LeetCode Solutions | 1 - 100

3. Longest Substring Without Repeating Characters

sliding window, instead of manually moving i to right each time, we can use a table to store the index the i will move to

5. Longest Palindromic Substring

dp[i][j] represents whether s[i..=j] can form a palindromic substring, dp[i][j] is true when s[i] equals to s[j] and s[i + 1..=j - 1] is a palindromic substring. When we found a palindrome, check if it's the longest one. Time complexity O(n^2).

for (let i = str.length - 1; i >= 0; i -= 1) {
    for (let j = i; j < str.length; j += 1) {
        // ...
        }
}

Manacher algorithm

15. 3Sum

sort to avoid duplicates; based on two sum

16. 3Sum Closest

sort & fix the left one, use two pointers to find the sum that minimizes the diff on the right part

17. Letter Combinations of a Phone Number

cartesian product + foldl

backtracking

22. Generate Parentheses

backtracking: chose left_paren or right_paren at curr
use left_cnt to cut branches

recursion based on n || dynamic programming

this approach will introduce duplicates

const prev = generateParenthesis(n - 1)
return [...prev.map(p => `()${p}`), ...prev.map(p => `${p}()`), ...prev.map(p => `(${p})`)]

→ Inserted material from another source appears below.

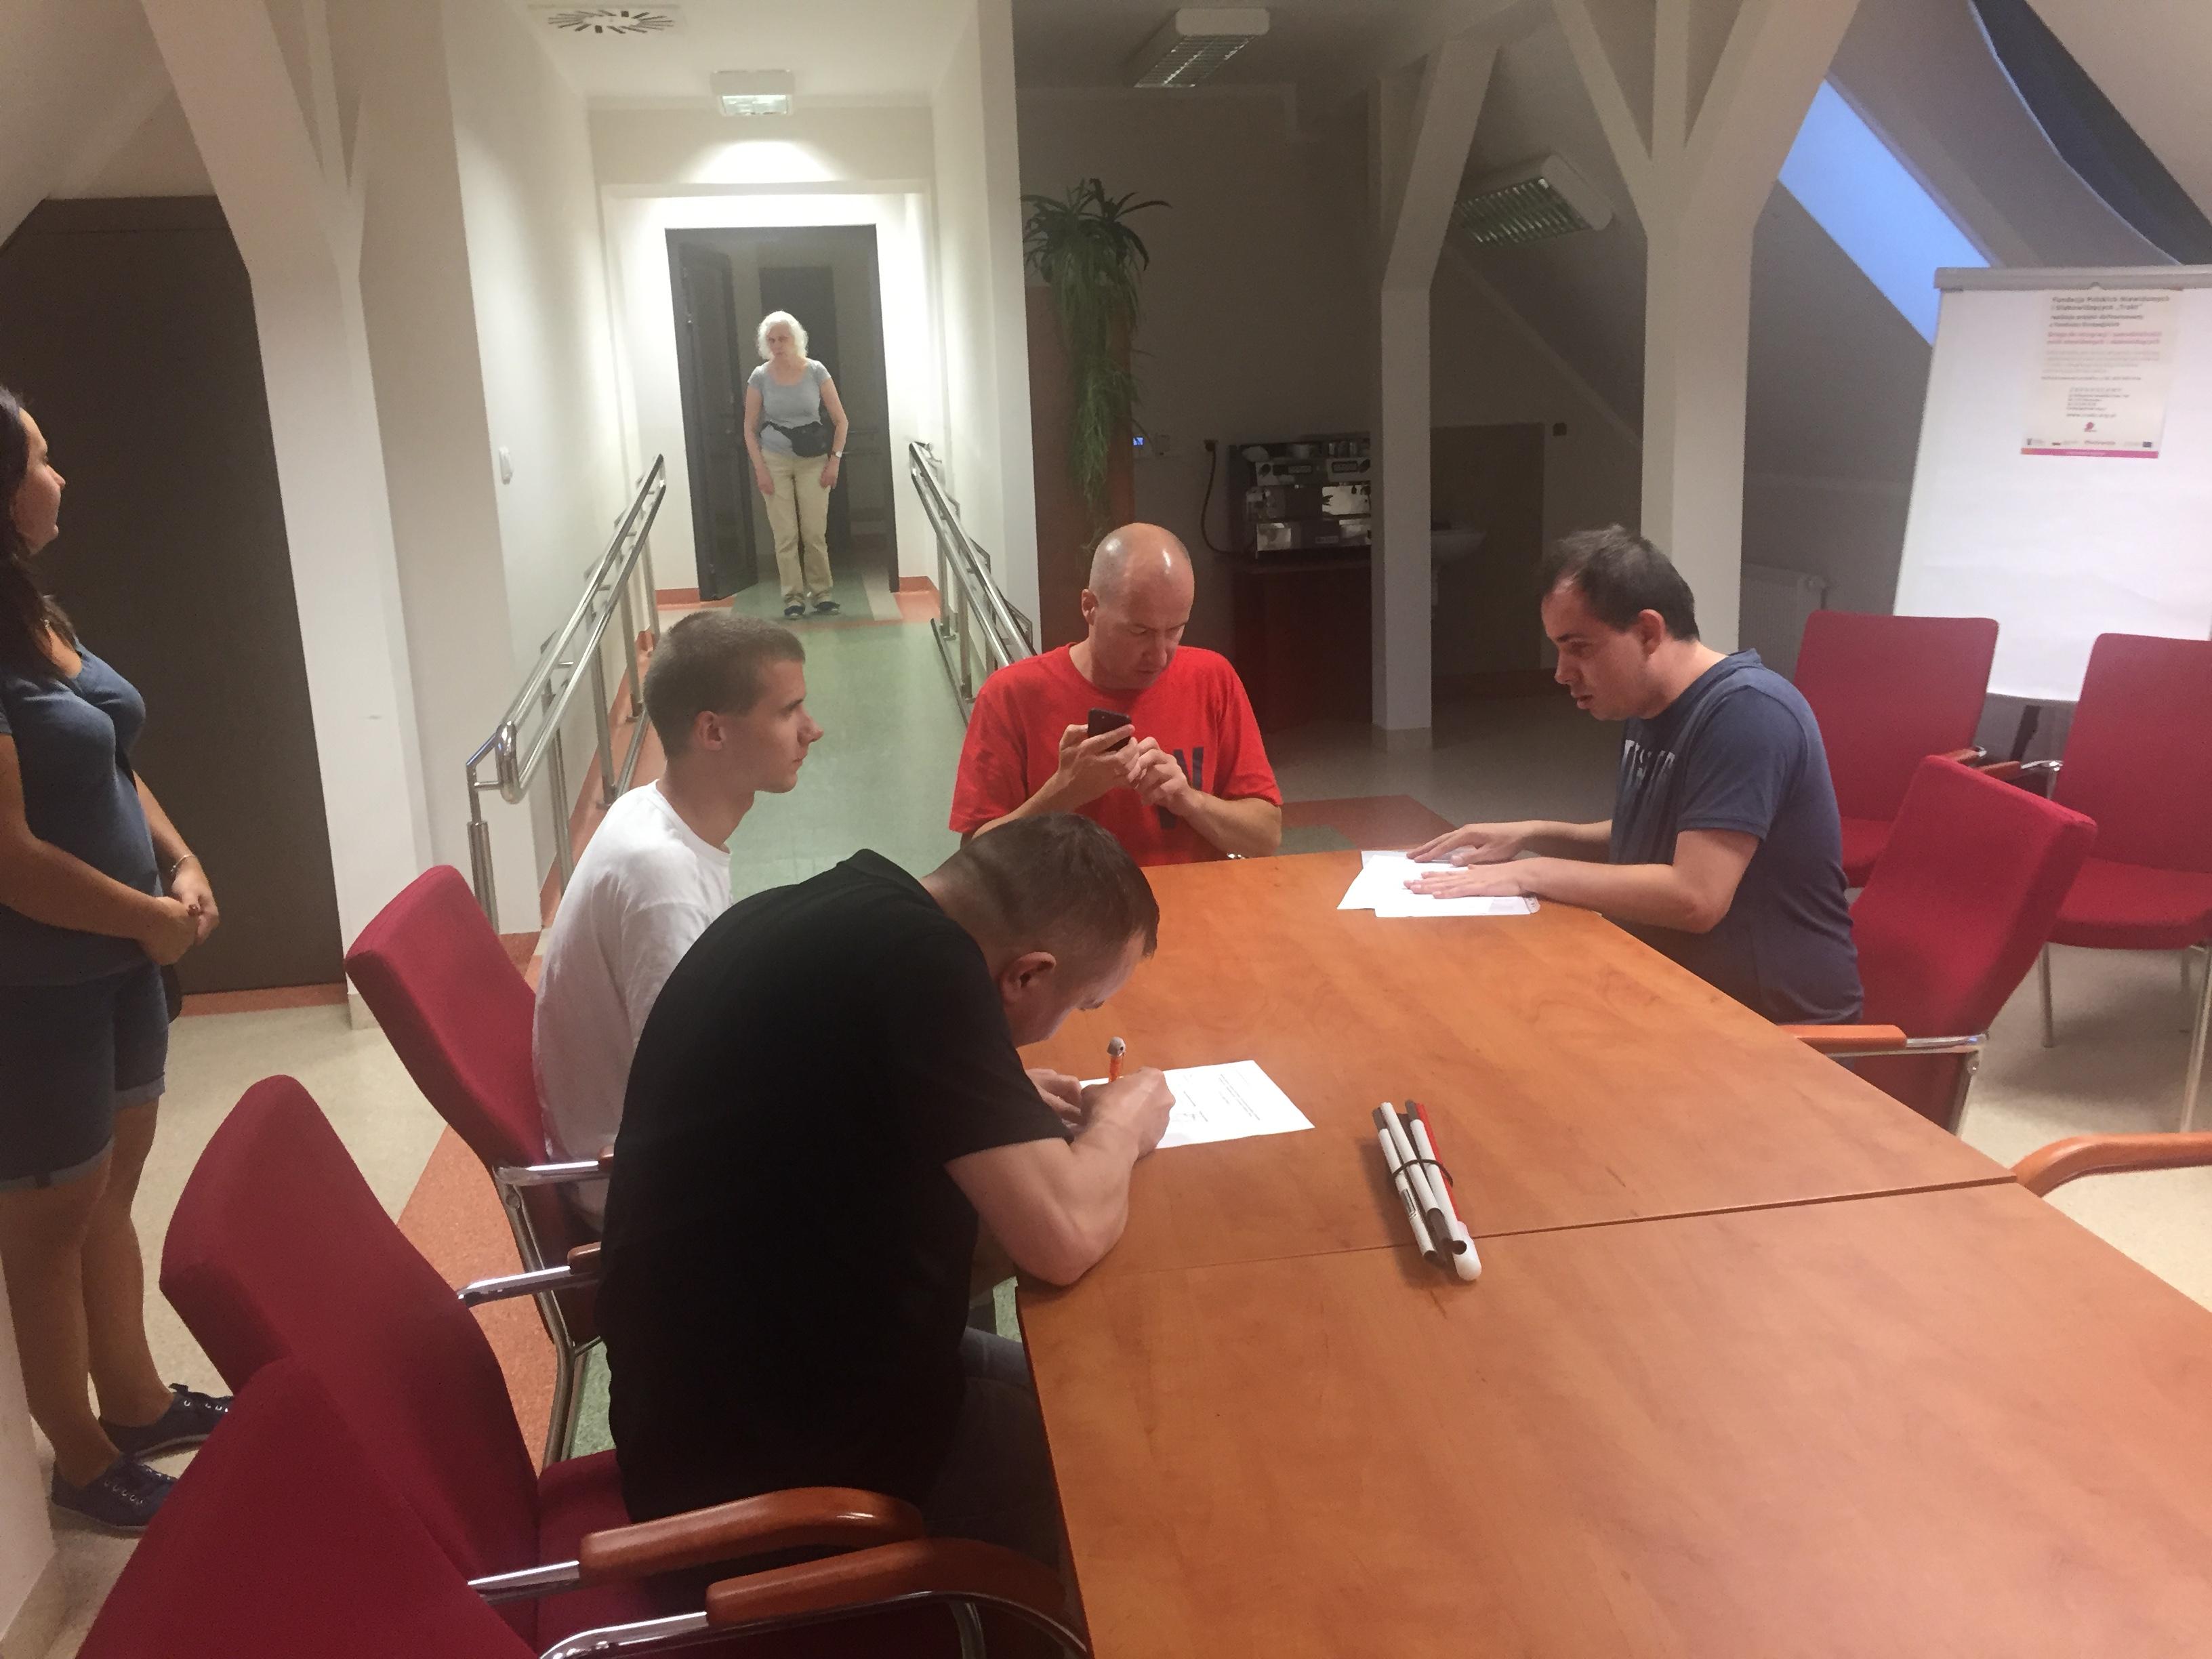 Męska reprezentacja grupy podczas szkolenia grupowego z IPhonów

better solution is divide the prev into two parts left and right

for (let i = 1; i <= n; i += 1) {
    for (let pairs_cnt_of_left = 0; pairs_cnt_of_left < i; pairs_cnt_of_left += 1) {
        for (const left_part of dp[pairs_cnt_of_left]) {
            for (const right_part of dp[i - 1 - pairs_cnt_of_left]) {
                dp[i].push(`(${left_part})${right_part}`)
            }
        }
    }
}

return dp[n]

23. Merge k Sorted Lists

merge lists one by one => merge with divide and conquer

heap with size k

25. Reverse Nodes in k-Group

const reverse = node => ... // do reverse in-place
const take = node => ... // take `k` nodes from node

// while `take` do `reverse`

26. Remove Duplicates from Sorted Array

two pointers, where to store, whats the current value, compare current value with last stored

31. Next Permutation

find the right_most peak

36. Valid Sudoku

the same with 348. Design Tic-Tac-Toe

38. count-and-say

just iterate

41. First Missing Positive

make an array, iterate through xs, mark array[x] as true, find the first index at which the value is false

O(1) space: move all elements within range to its right position, find the first index where the value is not right

the same with 448. Find All Numbers Disappeared in an Array

42. Trapping Rain Water

对每一个坑 heights[i]，应填充的水量为 cmp::max(0, cmp::min(ph, nh) - h) // cmp::min(ph, nh) 即为其两侧 bound 中较小的
用 DP 找到 max_height_from_left[] 与 max_height_from_right[]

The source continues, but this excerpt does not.